# Constructive Central Limit Theorem

Background: Let $\{a_i\}_{i=1}^n$ be i.i.d. random variables with zero-mean and unit variance, on a probability space $\Omega$. Define $$s_n=\frac{1}{\sqrt{n}}\sum_{i\leq n} a_i$$

Central limit theorem says that the distribution of $s_n$ converges to the standard normal ${\cal{N}}(0,1)$.

Short question: For each $n$, give me a Gaussian random variable $g_n$ that is close to $s_n$.

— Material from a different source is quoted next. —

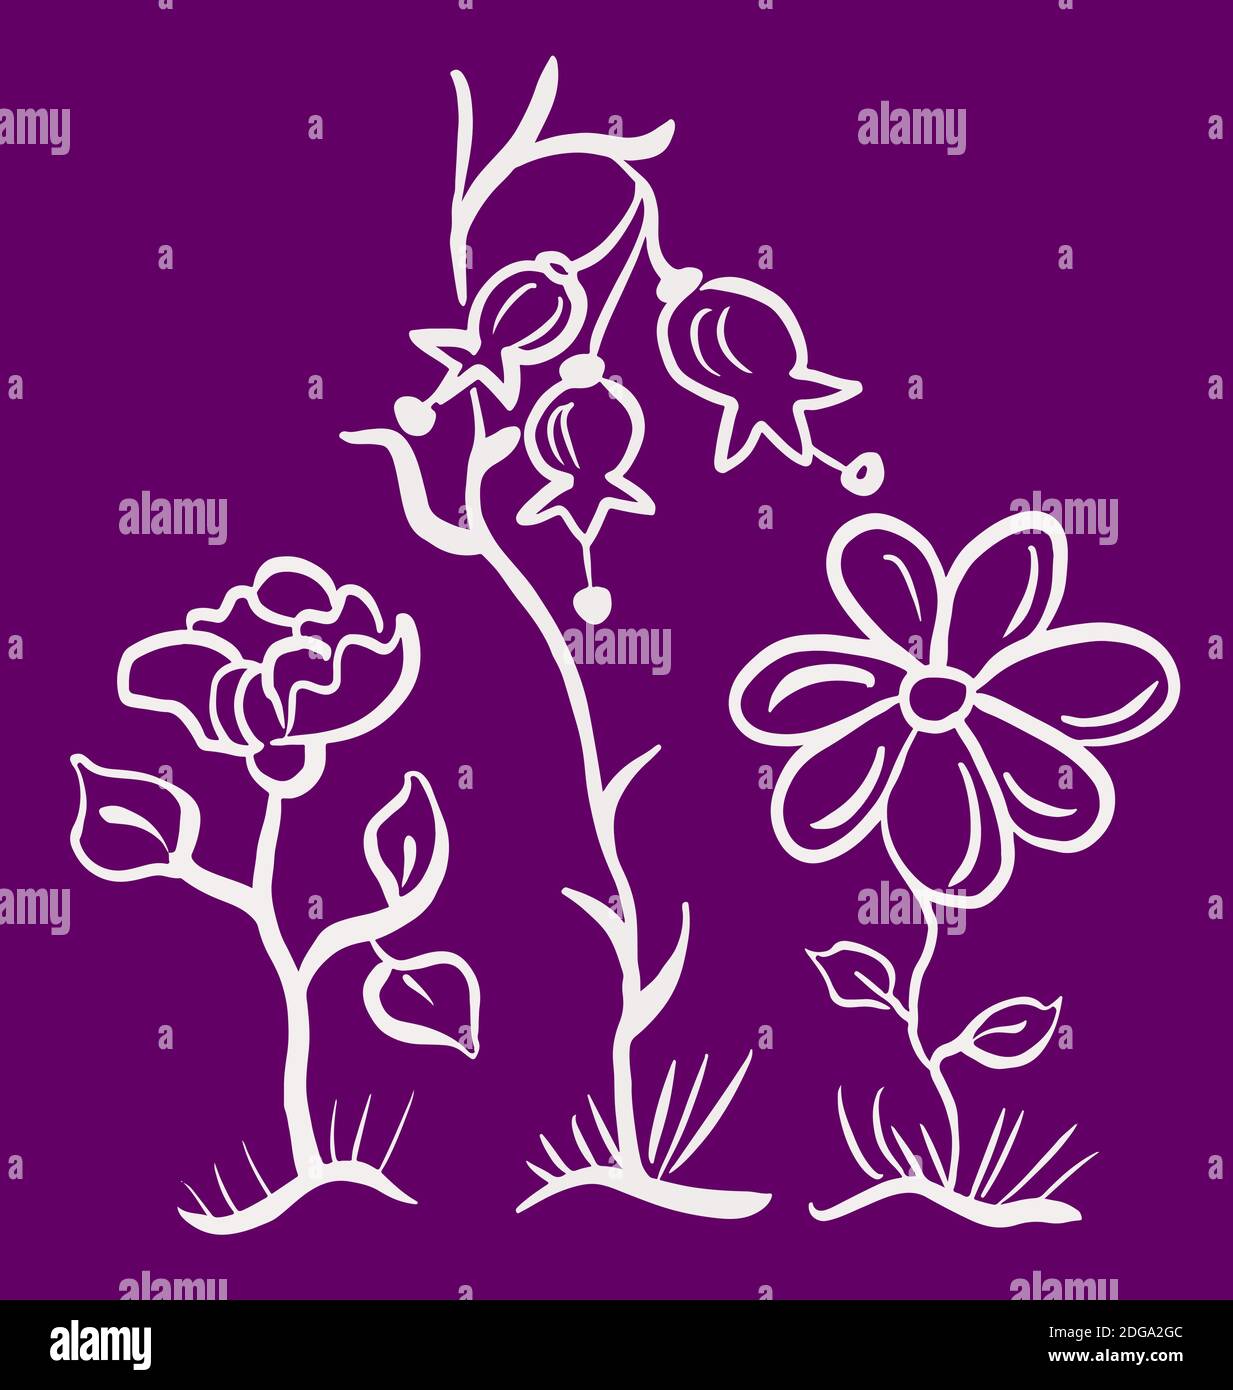 Drei handgezeichnete Kontur Blumen, Glocke, Rose, Gänseblümchen, isolierte Konturen eps10 vecror Illustration. Stock Vektor

Rigorous question: Fix the number $n$. Can we construct an ${\cal{N}}(0,1)$ distributed random variable $g_n:\Omega\to\mathbb R$ so that $g_n,s_n$ are close in some sense. For instance, for some $\alpha>0$, we want $${\mathbb{E}}[(g_n-s_n)^2]={\cal{O}}(n^{-\alpha})$$

• $n$ is fixed. I am not interested in a single $g$ that works for all $n$. $g$ only needs to be close to $s_n$ and $s_n$ only for that fixed $n$. Repeating the question: From distribution of $s_n$ (which is a fixed distribution), can you construct a joint distribution where the marginals give $g,s_n$ and $g$ is Gaussian, and $g-s_n$ has small second moment. – ecstasyofgold May 26 '17 at 2:24
• Ok, I think I see now. Would it be clearer to phrase it as "for each $n$ there exists $g_n$ such that..."? – Nate Eldredge May 26 '17 at 2:31
• Good point. Should read better now. – ecstasyofgold May 26 '17 at 2:34
• Did you try given $g_n$ to let $s_n=F_{s_n}^{-1}F_{g_n}(g_n)$ where $F_X$ is the c.d.f. of $X$? – Bjørn Kjos-Hanssen May 26 '17 at 6:53
• Good point. Actually I figured out quite a bit of stuff after asking the question. Directly related to what you suggest, the problem is related to Monge–Kantorovich transportation: en.wikipedia.org/wiki/Transportation_theory_(mathematics) The following paper claims the best X,Y variables that minimize the distributional distance in Berry-Esseen is simply $F^{-1}_{s_n}(U)$ and $F^{-1}_{g_n}(U)$ where $U$ is uniform distribution which boils down to what you suggest I believe. Check out Eq (16) of arxiv.org/pdf/0906.5145.pdf. – ecstasyofgold May 26 '17 at 20:22

Did you try given $g_n$ to let $s_n=F_{s_n}^{-1}F_{g_n}(g_n)$ where $F_X$ is the c.d.f. of $X$?